Routines. One of the key elements of stability in children's lives is the degree of structure and predictability in daily routines. Research indicates that families with higher SES are more likely to maintain meal, nap, and bedtime routines (Britto, Fuligni, & Brooks-Gunn, 2002). Flexibility and support may be in relatively short supply for parents with fewer economic and/or SES resources to draw upon. For example lower wage jobs, at least in the US, have less regular schedules (Han, 2005). Changes in parental work hours, particularly if frequent or unpredictable can make it difficult to maintain structure and routines in daily life.
Residential relocation. A major contributor to chaos in children's lives are changes in home or school location. Both types of changes disrupt children's social networks and remove them from familiar surroundings. Research suggests that if either type of move is frequent, children may also become reluctant to establish new friendships or to rely upon adults for guidance and support because they may soon have to break those ties and start over again (Adam, 2004). Relocation also disrupts geographic orientation and the ability to explore and extend one's range of activities. When school changes occur, children may also be confronted with unfamiliar academic demands in addition to the change in peers and teachers. Low-income children are more apt to experience changes in residence (Kohen, Hertzman, & Wiens, 1998; Wood, Halfon, Scarlata, Newacheck & Nessim, 1993).
School relocations. Studies indicate that low-income children change schools more often than those from families with higher incomes (Evans et al., 2007). In addition, teachers in low-income schools are more likely to relocate (Rutter et al., 1974), to have less experience and less educational background in their subject areas, and be paid less (Evans, 2004).
Maternal partner change. Family turmoil associated with poverty often leads to dissolution of romantic partnerships. Changes in household composition are highly disruptive for children. Research shows that the levels of divorce and changes in parental partners are strongly linked to SES. For example in the United States, the divorce rate is almost five times higher in the lowest income quintile (25.4%) than among the upper income quintile for households with children (5.7%) (Evans, 2004).
There is abundant evidence that various aspects of chaos are associated with income, education, and social class. Likewise there is evidence to support the adverse effects of chaotic living conditions on children's cognitive, socioemotional, and physical well being. This pattern of inter-relationships suggests the potential for chaotic environments to function as underlying mechanisms in child development, indicating a poverty→chaos→socioemotional outcomes pathway.
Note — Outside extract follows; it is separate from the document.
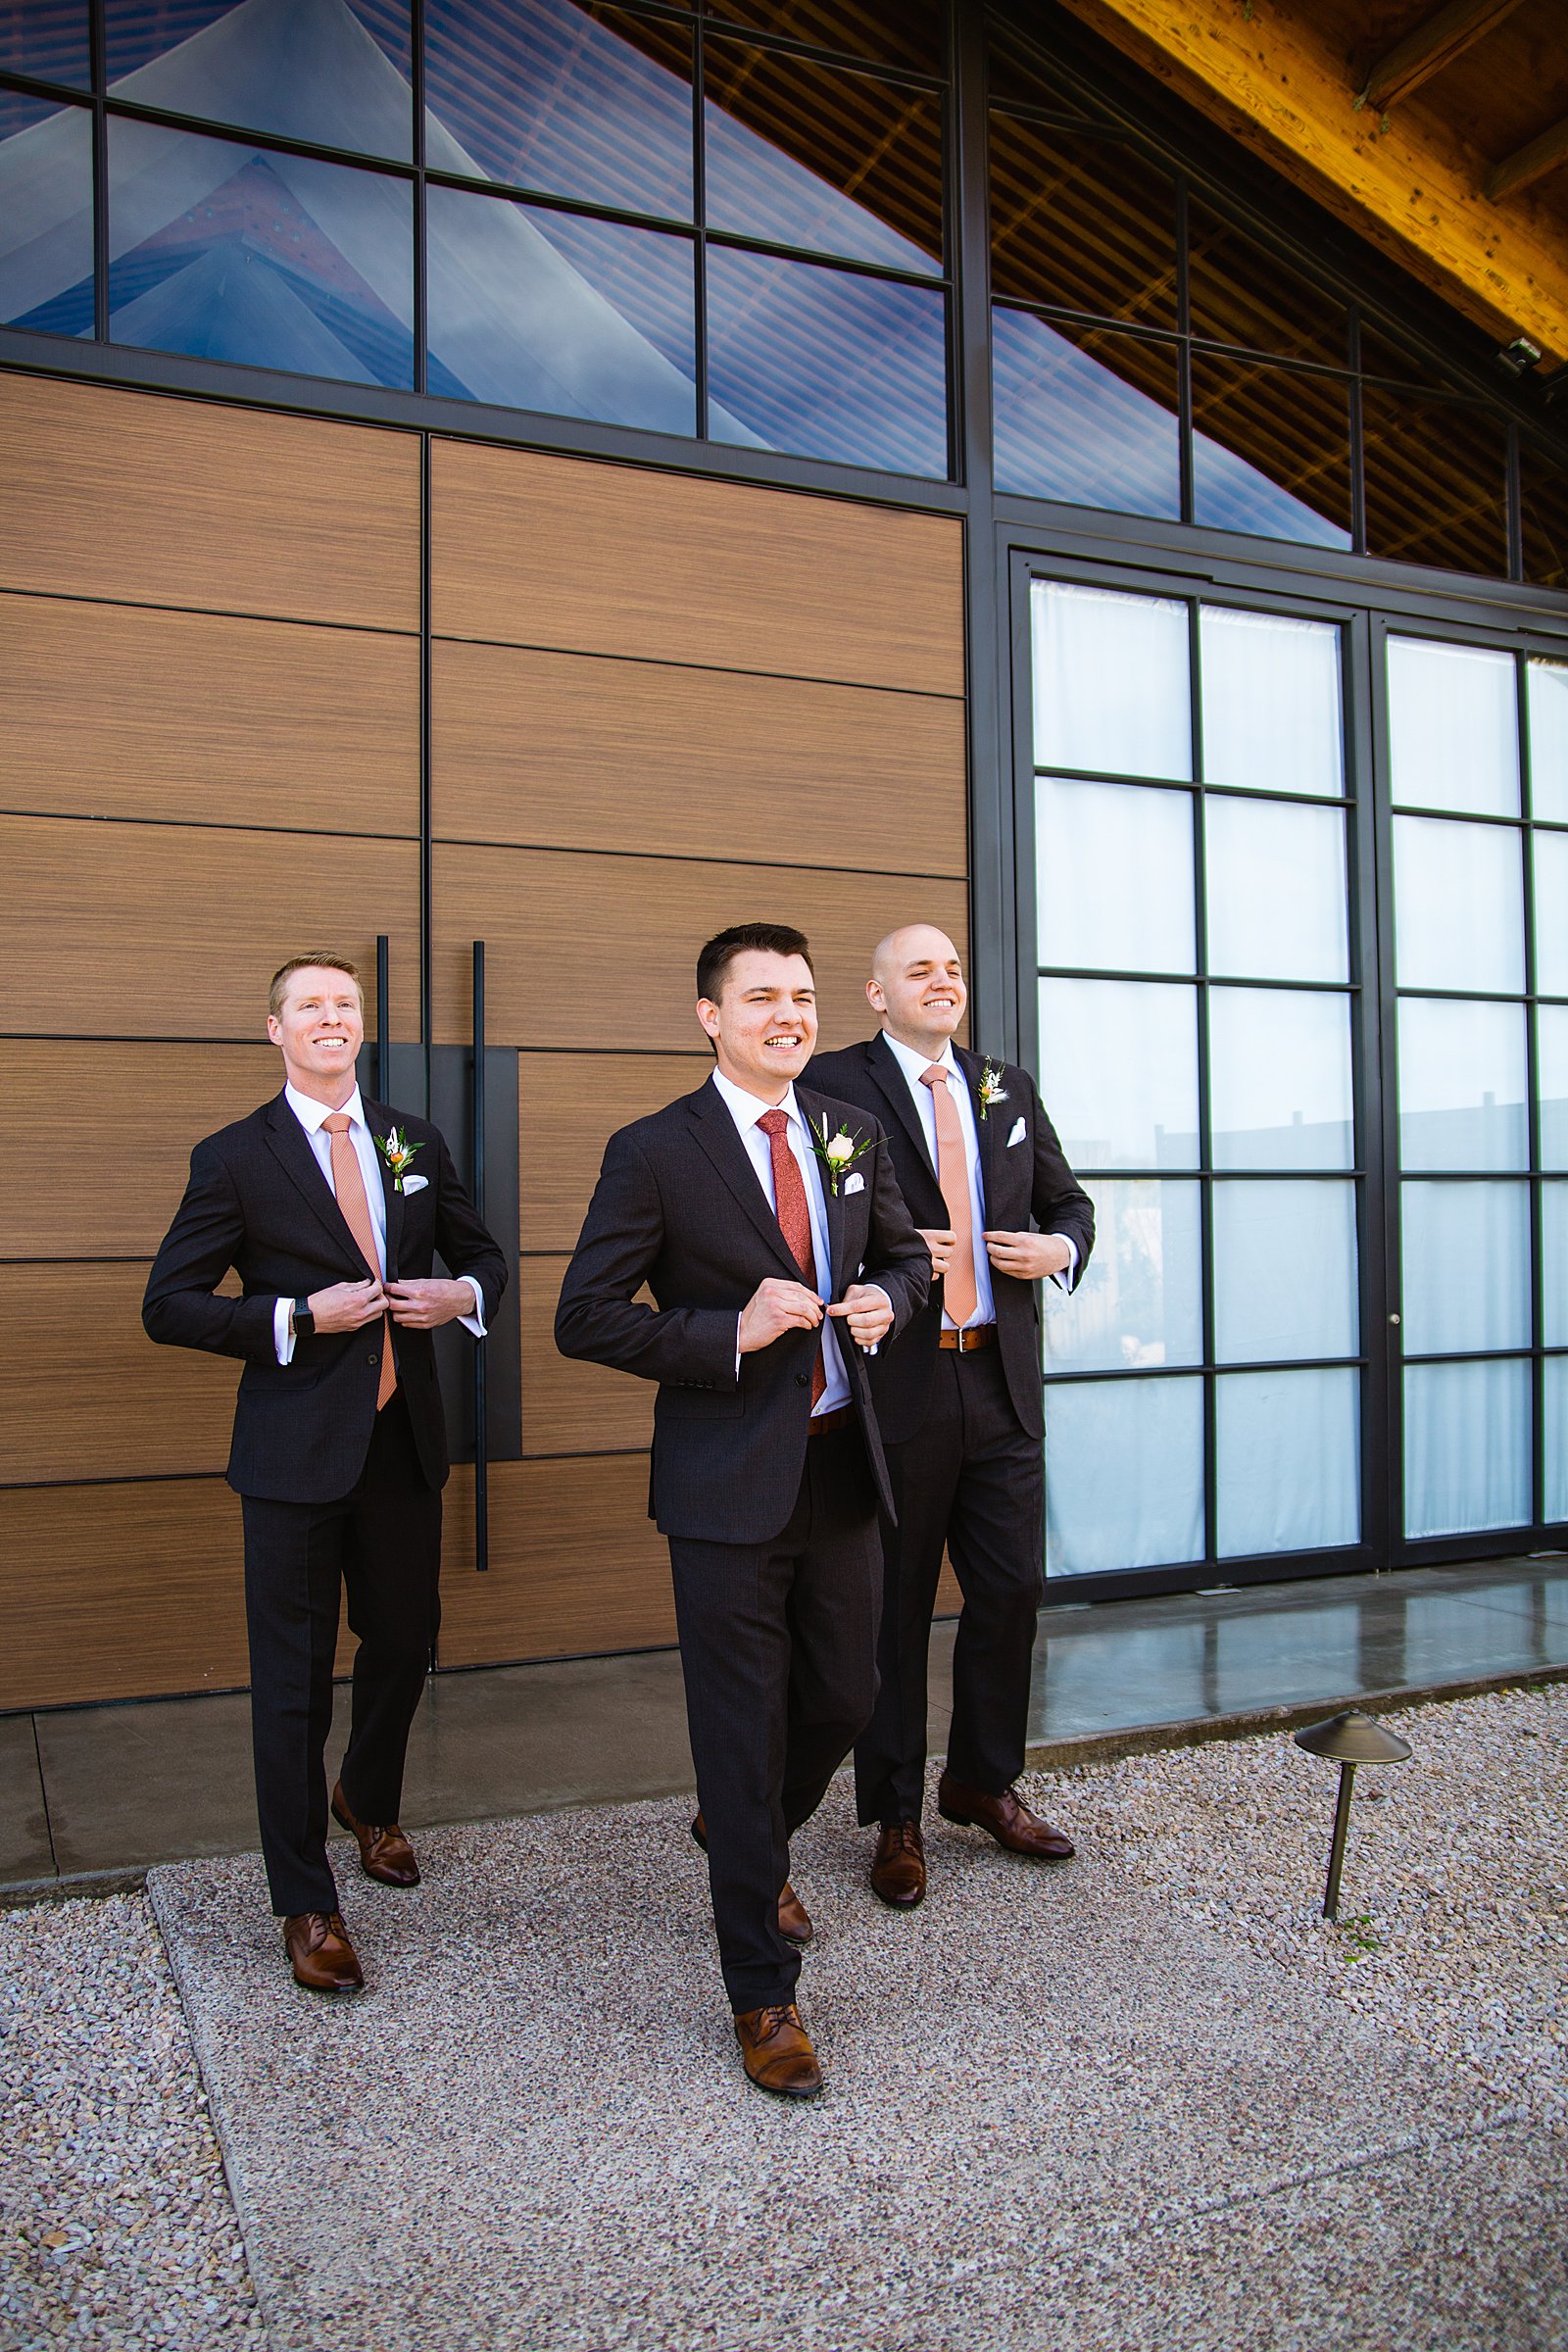 Groom and groomsmen walking together at a The Paseo wedding by Arizona wedding photographer PMA Photography.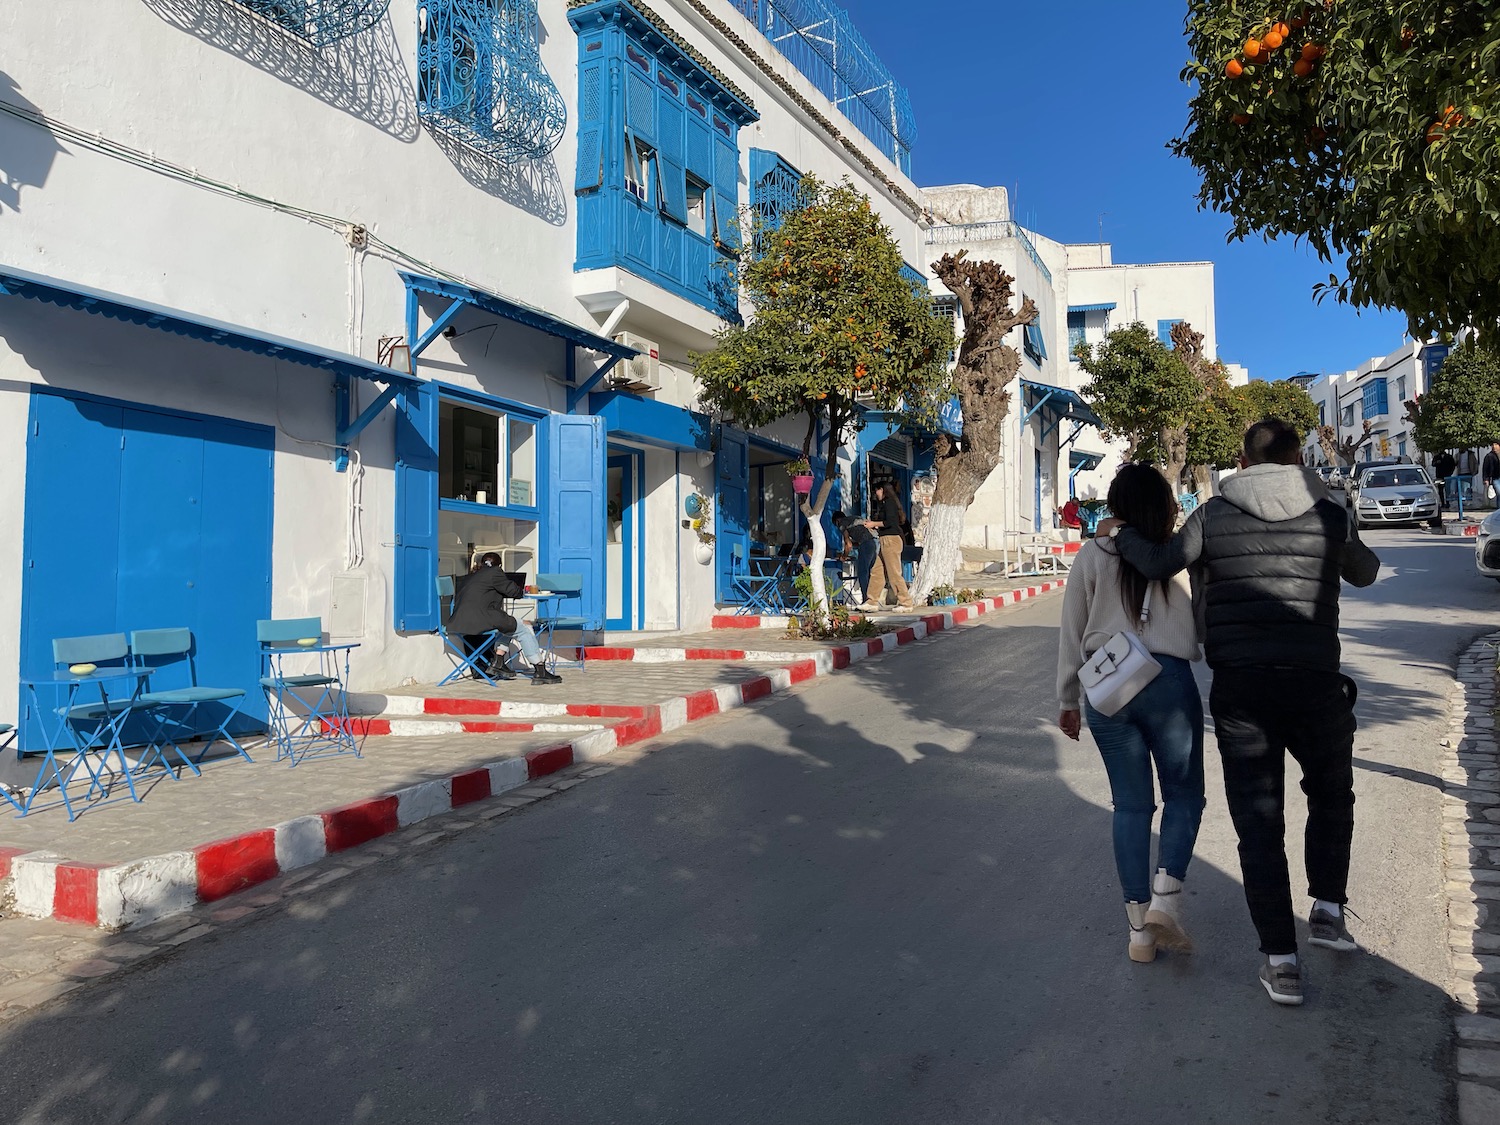 people walking down a street with blue and white buildings

Indeed studies provide preliminary evidence that the higher levels of adverse socioemotional outcomes, including psychological distress, learned helplessness, and self-regulatory behavior found in low-income households are brought about, in part, by higher levels of chaos in these households (Evans et al., 2007).
Bronfenbrenner's bioecological model of human development provides a theoretical framework to address the question of why chaos is harmful to children's development. One of the key elements of the bioecological model is proximal process. In order for proximal processes to be effective, they must take place regularly, over an extended period of time, and involve progressively more complex, reciprocal interactions (Bronfenbrenner & Evans, 2000; Bronfenbrenner & Morris, 1998). A fundamental reason that chaos is harmful to the developing child is because it interferes with effective proximal processes.
The predictability and sustained nature of increasingly complex interactions becomes more difficult to maintain in chaotic households. Children cannot develop socially cohesive, meaningful relationships with people unless they see them regularly and can count on them being around.
Not only are proximal processes less likely to occur in chaotic settings, but children and caregivers may respond to their surroundings in ways that exacerbate the negative consequences of chaos. For example, studies indicate that parents may become less responsive (Matheny, Wachs, Ludwig, & Phillips, 1995), exhibit less parental warmth, and adopt harsher parent-child interactions when living in chaotic environments (Coldwell, Pike, & Dunn, 2006). Likewise there is evidence that lack of structure and unpredictability have consequences for children’s feelings of mastery and self efficacy and may also undermine self-regulatory ability (Evans & Stecker, 2004; White, 1959).
Chaotic living conditions can interfere with the processes that are integral to the development of healthy, well adjusted children. Children need an environment that supports regular, sustained, increasingly complex interactions and relationships. Abundant evidence shows that poverty is bad for children's development. Not only are poor children more likely to experience adverse living conditions, such conditions often converge in a manner that undermines predictability and interferes with structure and routines in the daily lives of children.
References

Adam. E.K. (2004). Beyond quality: Parental and residential stability and children's adjustment. Current Directions in Psychological Science, 13, 210-213.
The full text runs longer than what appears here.